◆ **REQUIREMENT**
The full listing, minus its pictures, should be printed again exactly as it stands.

◆ **DATASET SECTION**
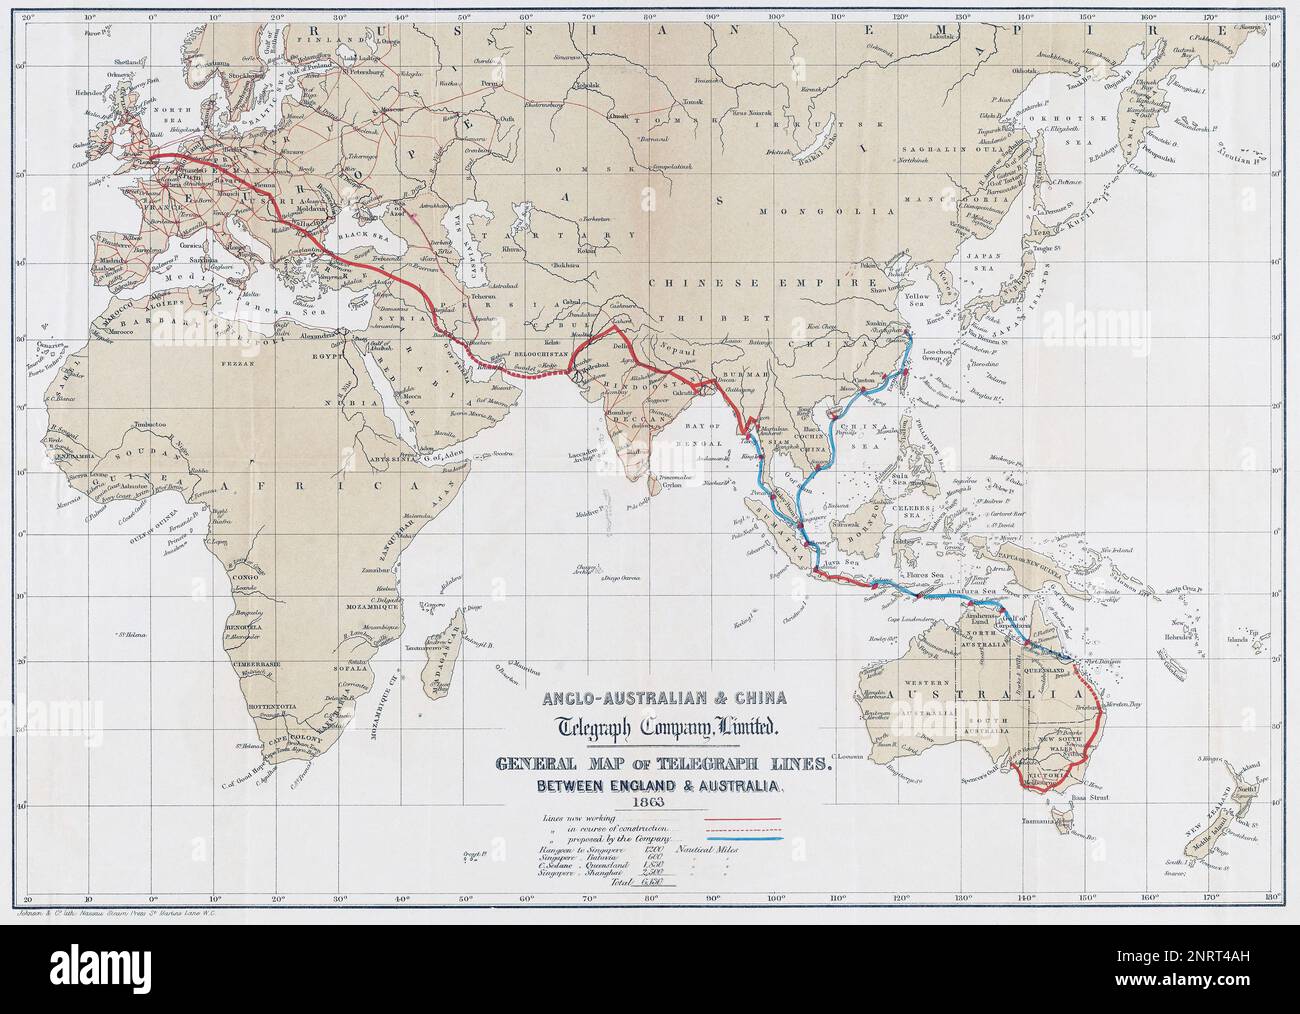 Mappa che mostra le linee telegrafiche tra Inghilterra e Australia nel 1863. Vengono visualizzate le linee proposte per la Cina. Foto Stock
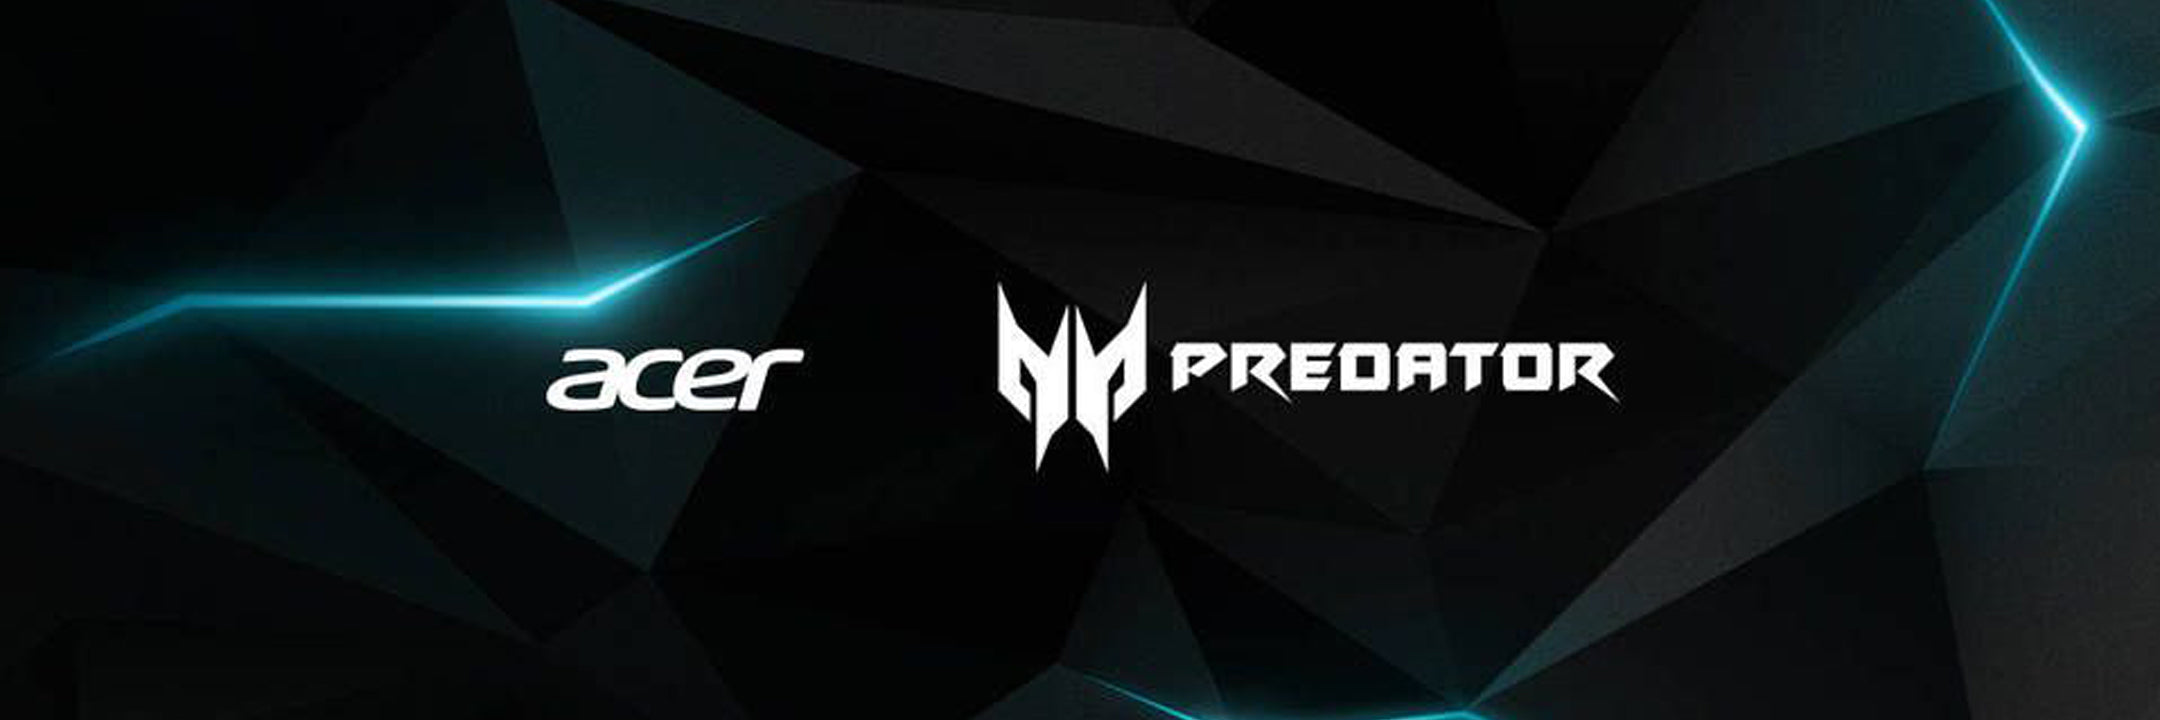 Acer Predator Gaming PC
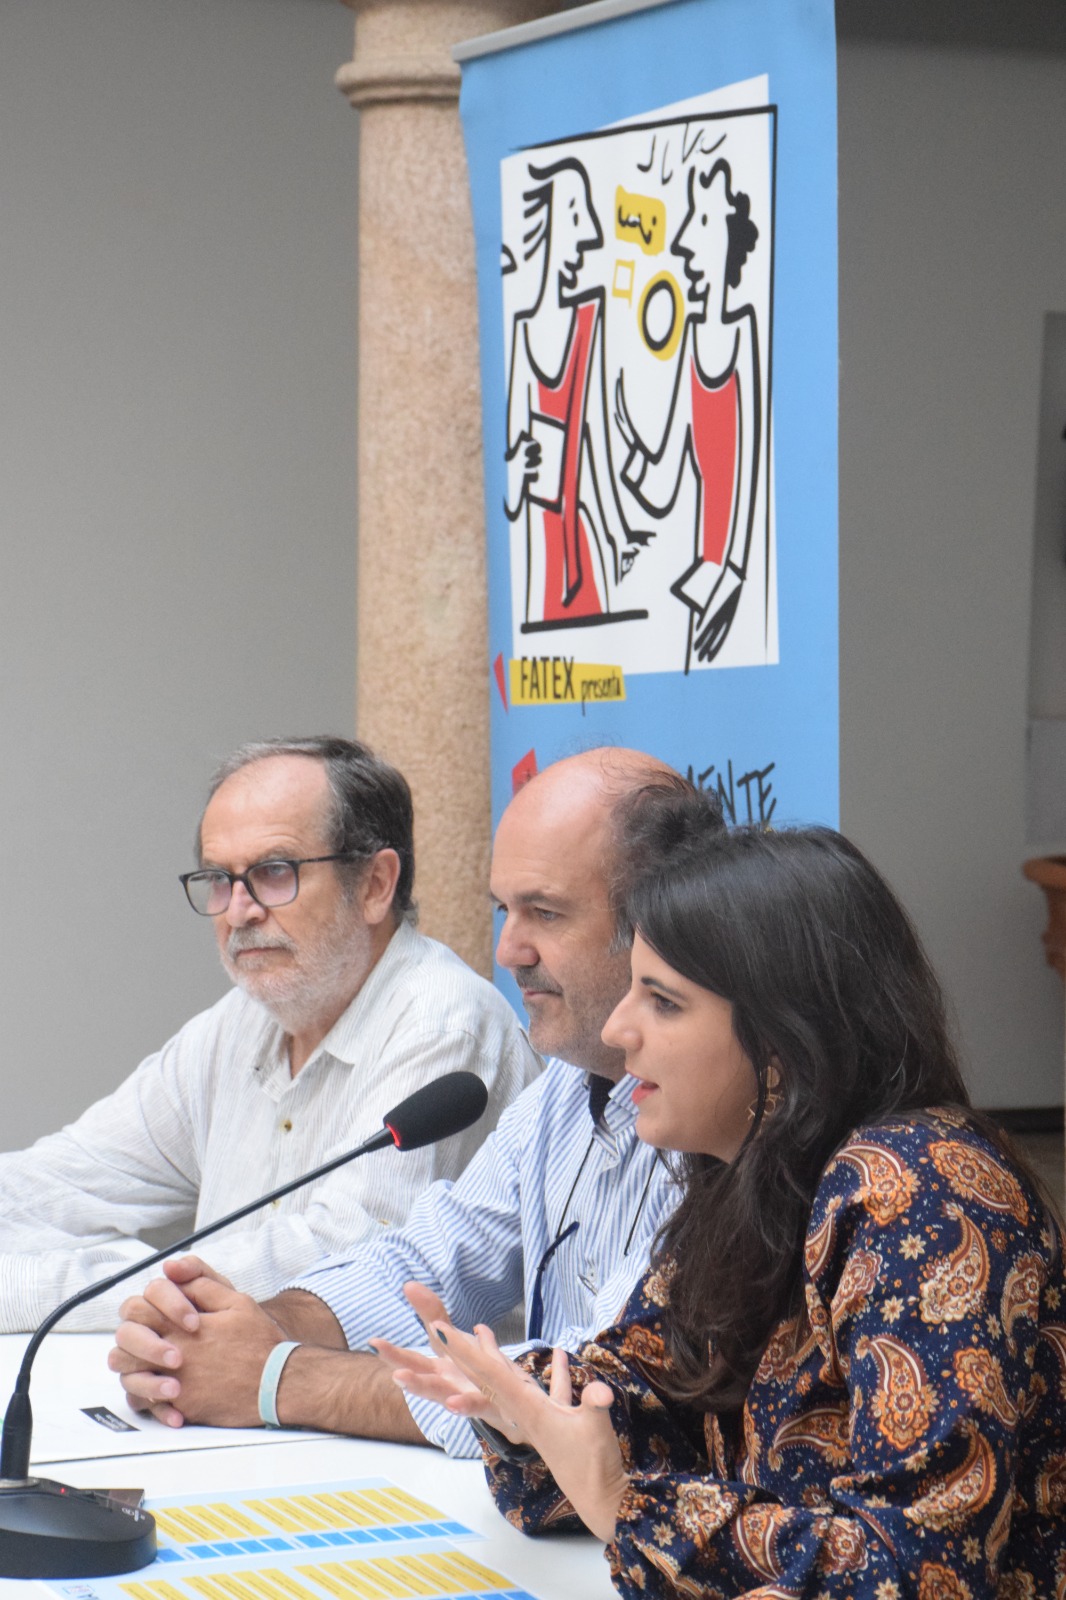 Image 2 of article Fuentes de León acoge el Festival de Teatro Amateur con tres obras de teatro y dos visitas guiadas dramatizadas

◆ **EXERCISE RESULT**
 Mappa che mostra le linee telegrafiche tra Inghilterra e Australia nel 1863. Vengono visualizzate le linee proposte per la Cina. Foto Stock
 Acer Predator Gaming PC
 Image 2 of article Fuentes de León acoge el Festival de Teatro Amateur con tres obras de teatro y dos visitas guiadas dramatizadas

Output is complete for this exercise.